→ **SUPPLIED MATERIAL**

━━━━━━━━━━

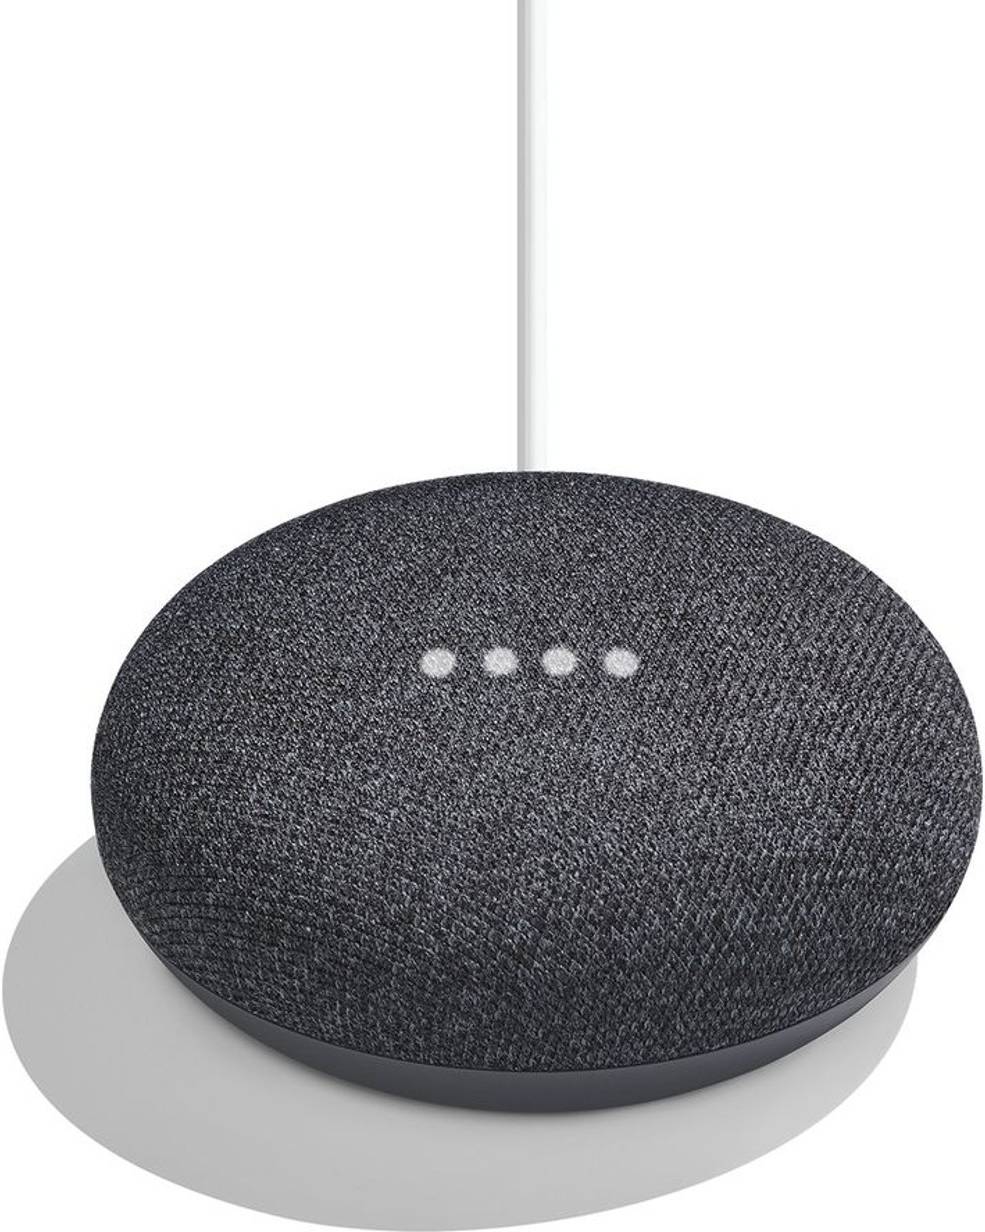 Google Home Mini Smart Speaker (Charcoal Gray)
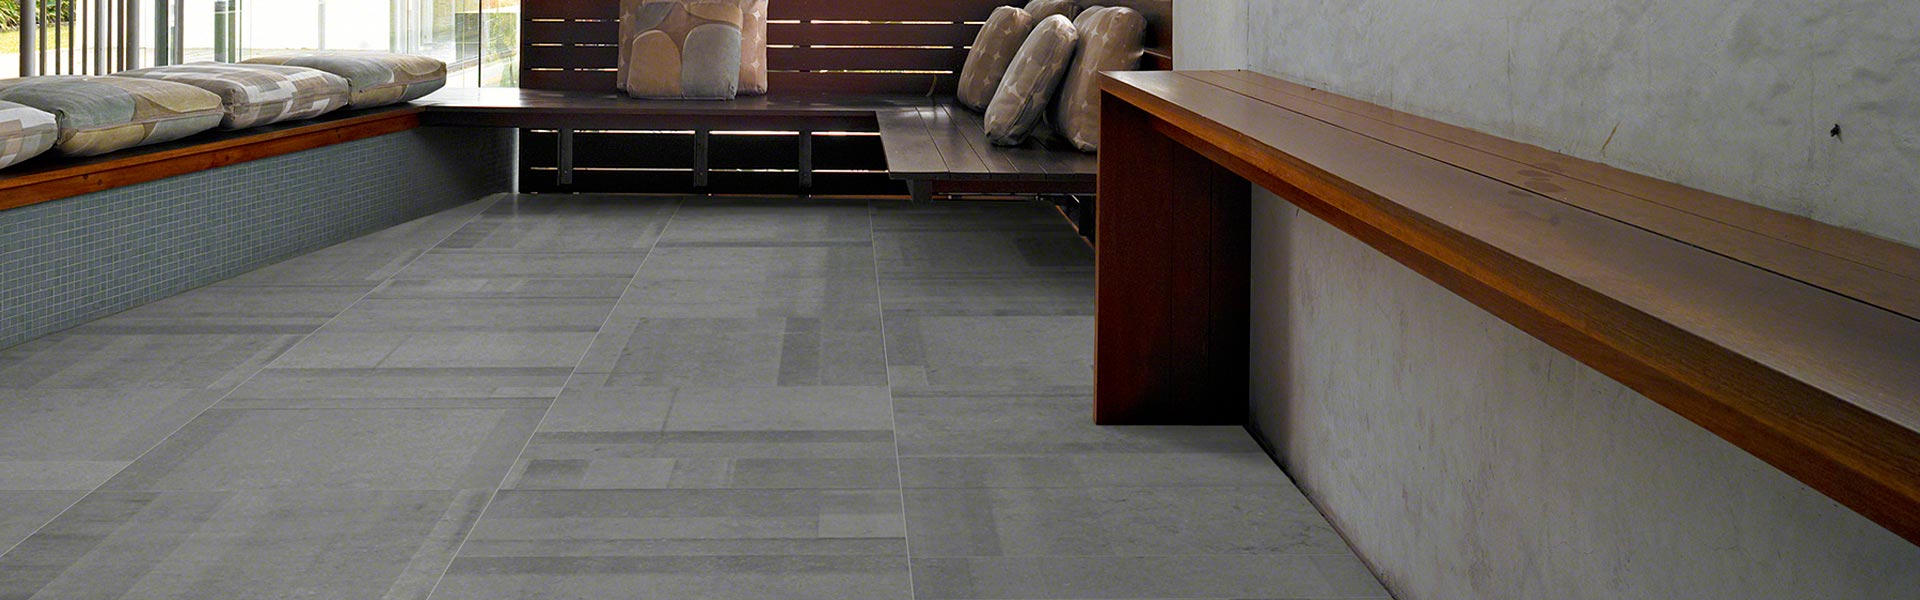 Floor tiles porcelain stone effect tiles Bluestone 60X60 | VIVES
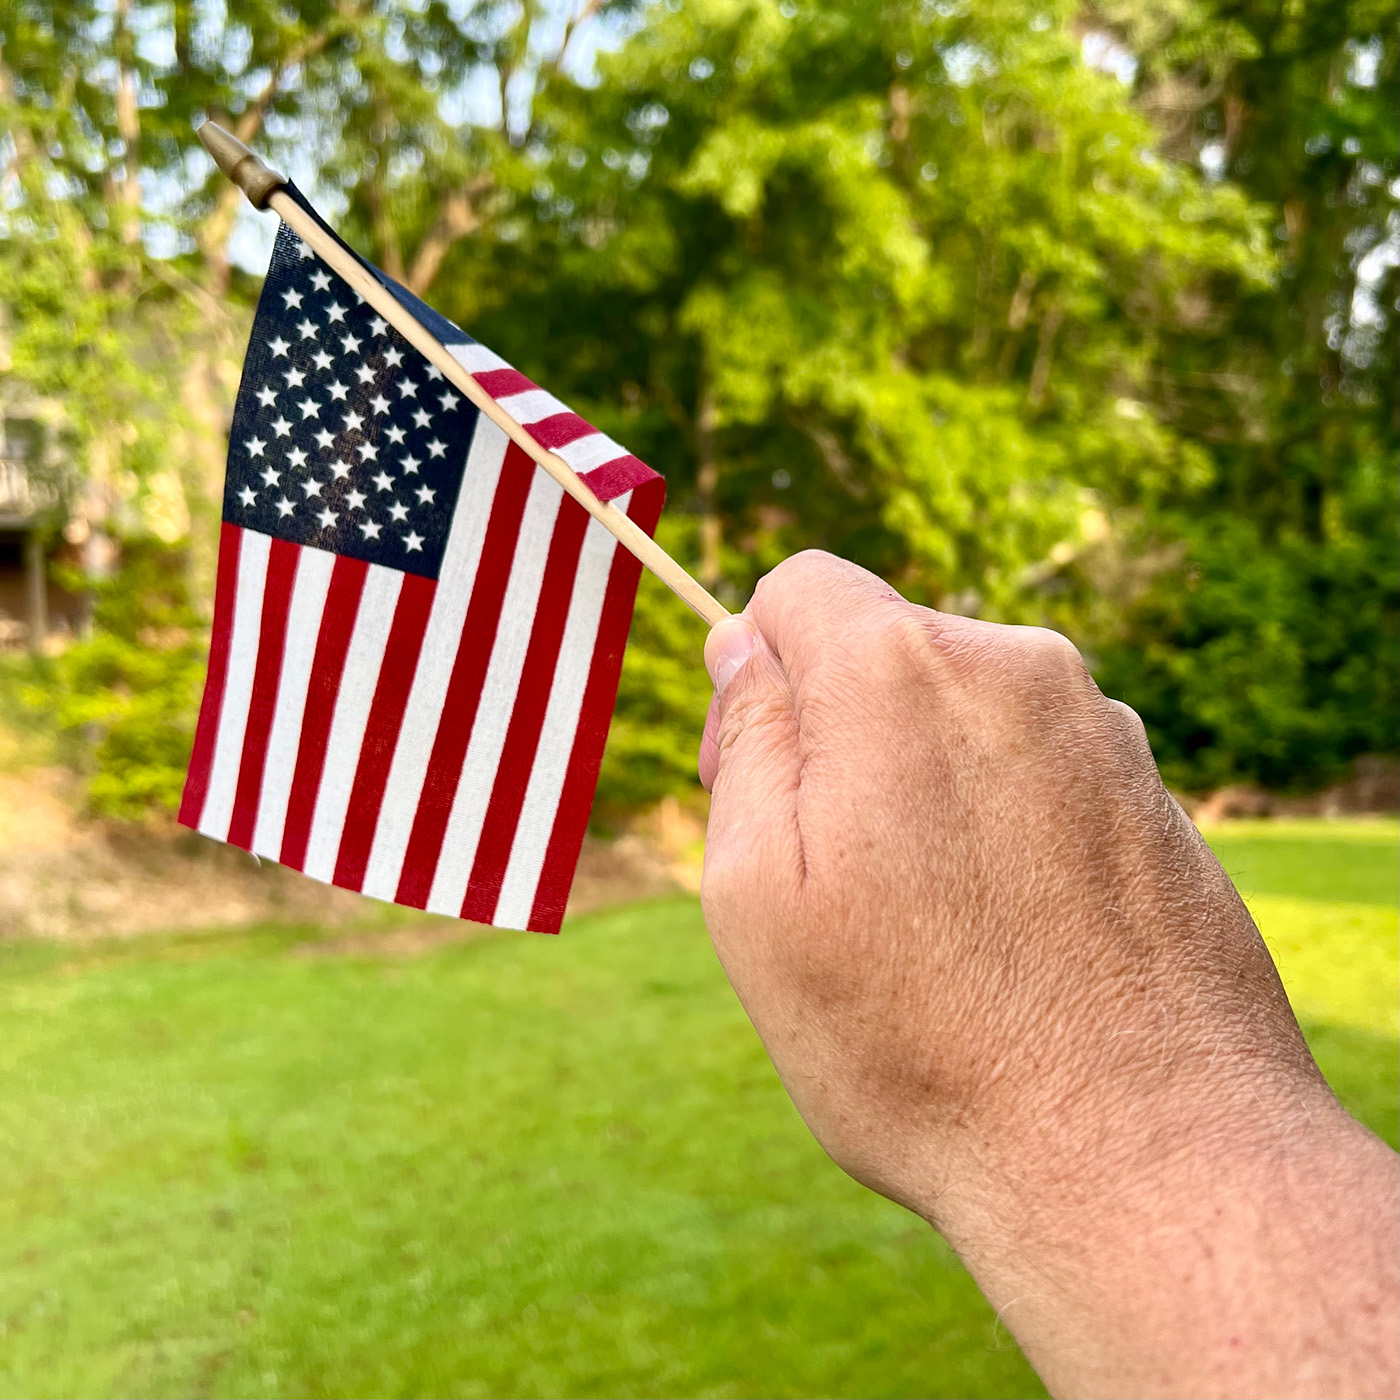 Hand with U.S. flag

━━━━━━━━━━

→ **YOUR INSTRUCTIONS**
If a picture falls within the lines from the one containing "Floor tiles porcelain" through the end of the material, leave it out while repeating those lines exactly.

→ **WRITTEN ANSWER**
 Floor tiles porcelain stone effect tiles Bluestone 60X60 | VIVES
 Hand with U.S. flag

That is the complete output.